1.1. La prise en compte de l’habitant dans l’urbanisme

La compréhension de l’usager ou de l’habitant en tant qu’acteur clé de la production de la ville a été largement absente de la pensée urbaine et de ses réalisations. C’est seulement au début du XXe siècle, que sont apparues les premières critiques de l’urbanisme de modèles pour associer l’étude de l’homme réel dans la planification des villes. Patrick Geddes37, biologiste, historien et sociologue, est un de pionniers des études urbaines à intégrer l’articulation du passé et de l’avenir. Son approche évolutionniste voit la

36 Nora Semmoud, Op.cit., p.161

ville comme un espace d’évolutions de la société urbaine. Pour Geddes l’urbanisme, la science des villes ou Civics « est cette branche de la sociologie qui traite des villes – leurs origine et distribution ; leurs développement et structure ; leur fonctionnement, interne et externe, matériel et psychologique ; leur évolution, individuelle et collective. Vu à nouveau du côté pratique, celui de la science appliquée, l’urbanisme [Civics] doit se manifester, par des efforts expérimentaux, dans l’art de plus en plus concret d’améliorer la vie de la cité et d’accélérer son évolution »38. Geddes révèle la nécessité des habitants de participer aussi à la création de leur cité. Le civics est une étude réalisée à travers une sociologie concrète et descriptive39. Cette caractéristique vient d’une approche empirique et d’abord propre aux biologistes et aux approches ethnologiques de l’époque. Geddes va introduire la méthode des sociological surveys, qui correspond à une étude préalable à la conception, portant sur la complexité de la ville. Geddes appelle à la pluridisciplinarité dans la création urbaine : « C’est le moment où le géographe doit collaborer avec l’hygiéniste et tous les deux avec le sociologue du concret »40. La principale caractéristique des Surveys est leur ancrage spatial.
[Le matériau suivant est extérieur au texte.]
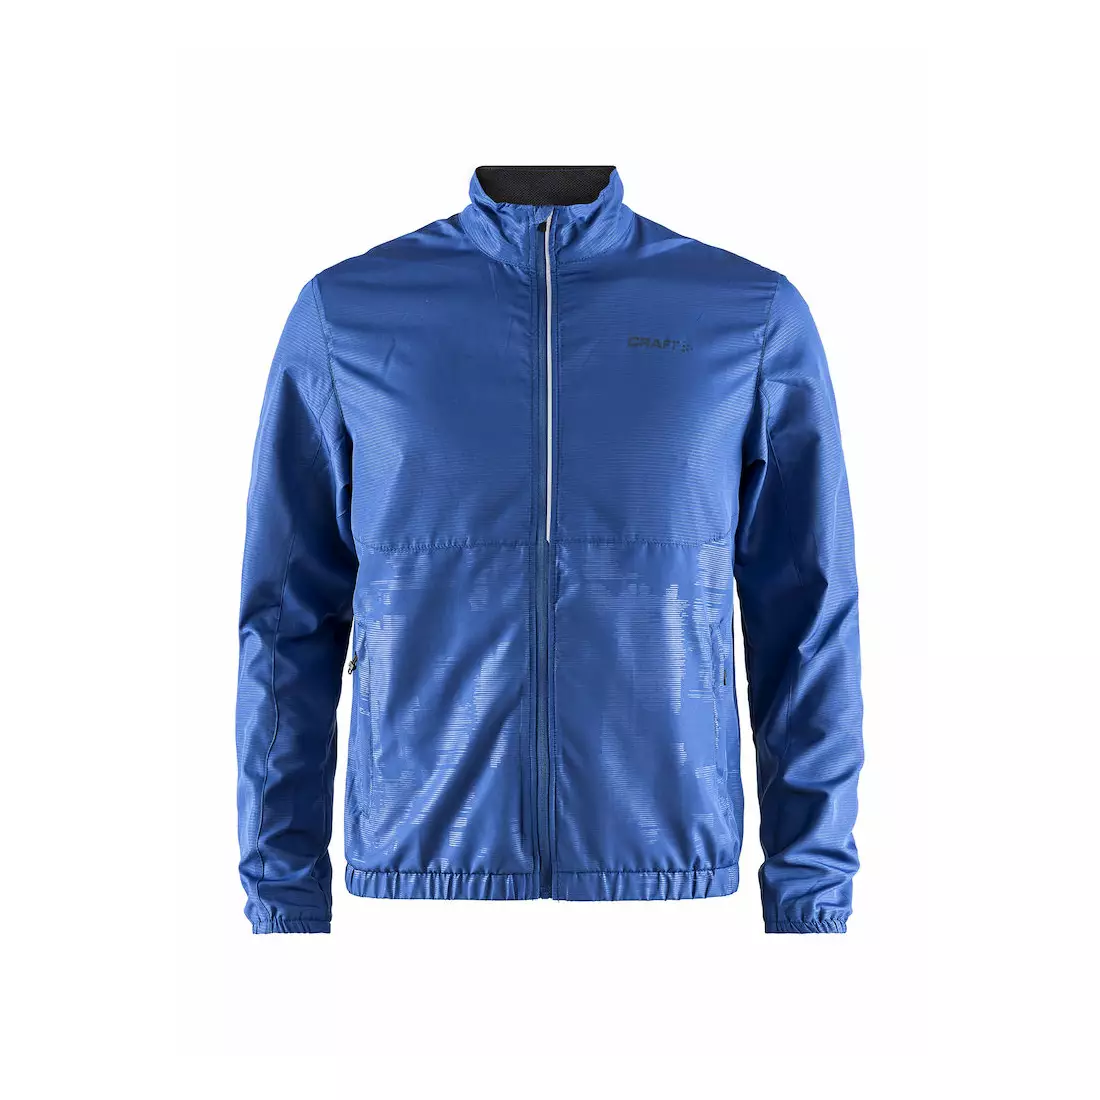 CRAFT EAZE lehká běžecká bunda, pánská, modrá 1906402-353000

Ce sont des études géographiques, historiques et sociales situées dans le territoire. Au-delà des surveys sur la matérialité de la ville, Geddes appelle aussi à un survey psychologique des citoyens41. Ainsi, le civics incite à l’observation du local et de sa complexité et à l’implication des citoyens et de leur histoire dans le processus de conception. Le disciple de Geddes, le sociologue et historien Lewis Mumford, sera le continuateur de cette critique au moment des réalisations progressistes. Leurs théories ont exercé une forte influence dans les études urbaines du monde anglo-saxon.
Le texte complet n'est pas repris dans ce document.